77. Cultivate a Norwegian accent. If Norwegian, affect a Southern drawl. 

78. Routinely handcuff yourself to furniture, informing the curious that you don't want to fall off "in case the big one comes". 

79. Deliberately hum songs that will remain lodged in co-workers brains, such as "Feliz Navidad", the Archies "Sugar" or the Mr. Rogers theme song. 

80. While making presentations, occasionally bob your head. like a parakeet. 

81. Lie obviously about trivial things such as the time of day. 

82. Leave your Christmas lights up and lit until September.

83. Change your name to "AaJohn Aaaaasmith" for the great glory of being first in the phone book. Claim it's a Hawaiian name, and demand that people pronounce each "a."

84. Sit in your front yard pointing a hair dryer at passing cars to see if they slow down. 

85. Chew on pens that you've borrowed. 

86. Wear a LOT of cologne. 

87. Listen to 33rpm records at 45rpm speed, and claim the faster speed is necessary because of your "superior mental processing." 

88. Sing along at the opera.

89. Mow your lawn with scissors. 

90. At a golf tournament, chant "swing-batabatabata-suhWING-batter!" 

91. Ask the waitress for an extra seat for your "imaginary friend." 

92. Go to a poetry recital and ask why each poem doesn't rhyme. 

93. Ask your co-workers mysterious questions, and then scribble their answers in a notebook.
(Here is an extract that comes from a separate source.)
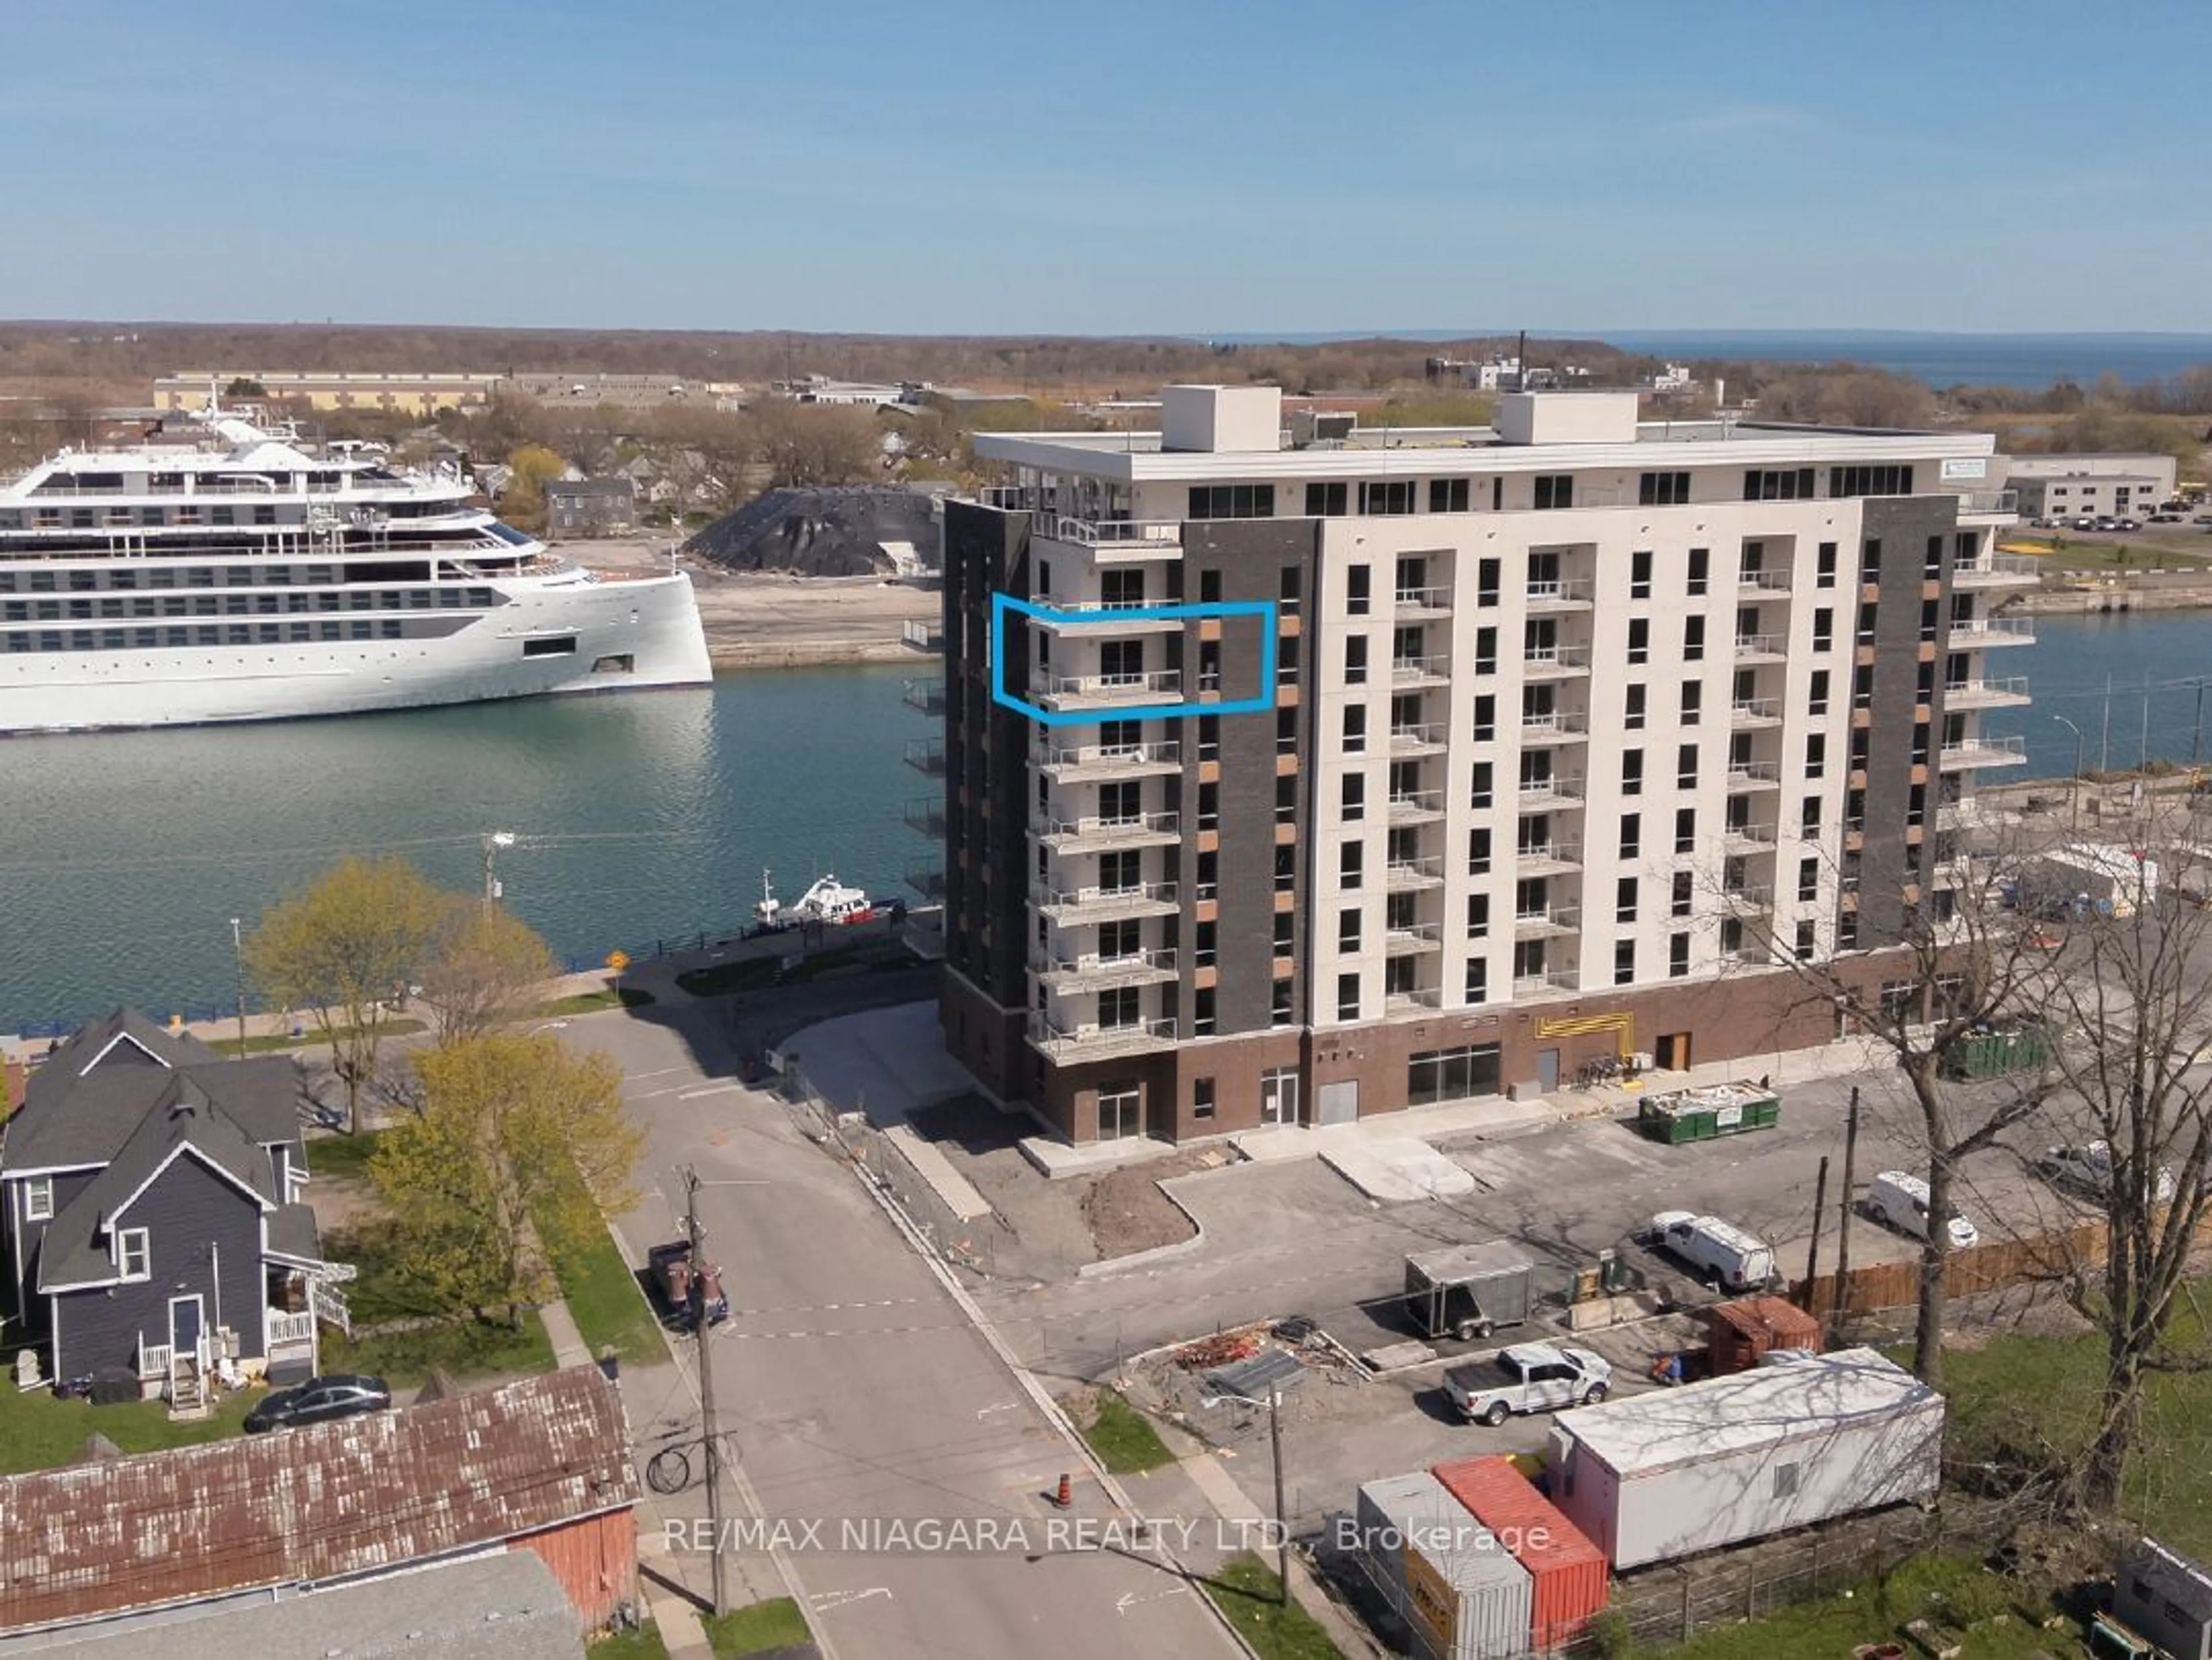 Lakeview for 118 West St #705, Port Colborne Ontario L3K 4E6

Mutter something 
about "psychological profiles." 

94. Stare at static on the TV and claim you can see a "magic picture." 

95. Select the same song on the jukebox fifty times. 

96. Never make eye contact. 

97. Never break eye contact. 

98. Construct elaborate "crop circles" in your front lawn.

99. Construct your own pretend "tricorder," and "scan" people with it, announcing the results. 

100. Make appointments for the 31st of September. 

101. Invite lots of people to other people's parties.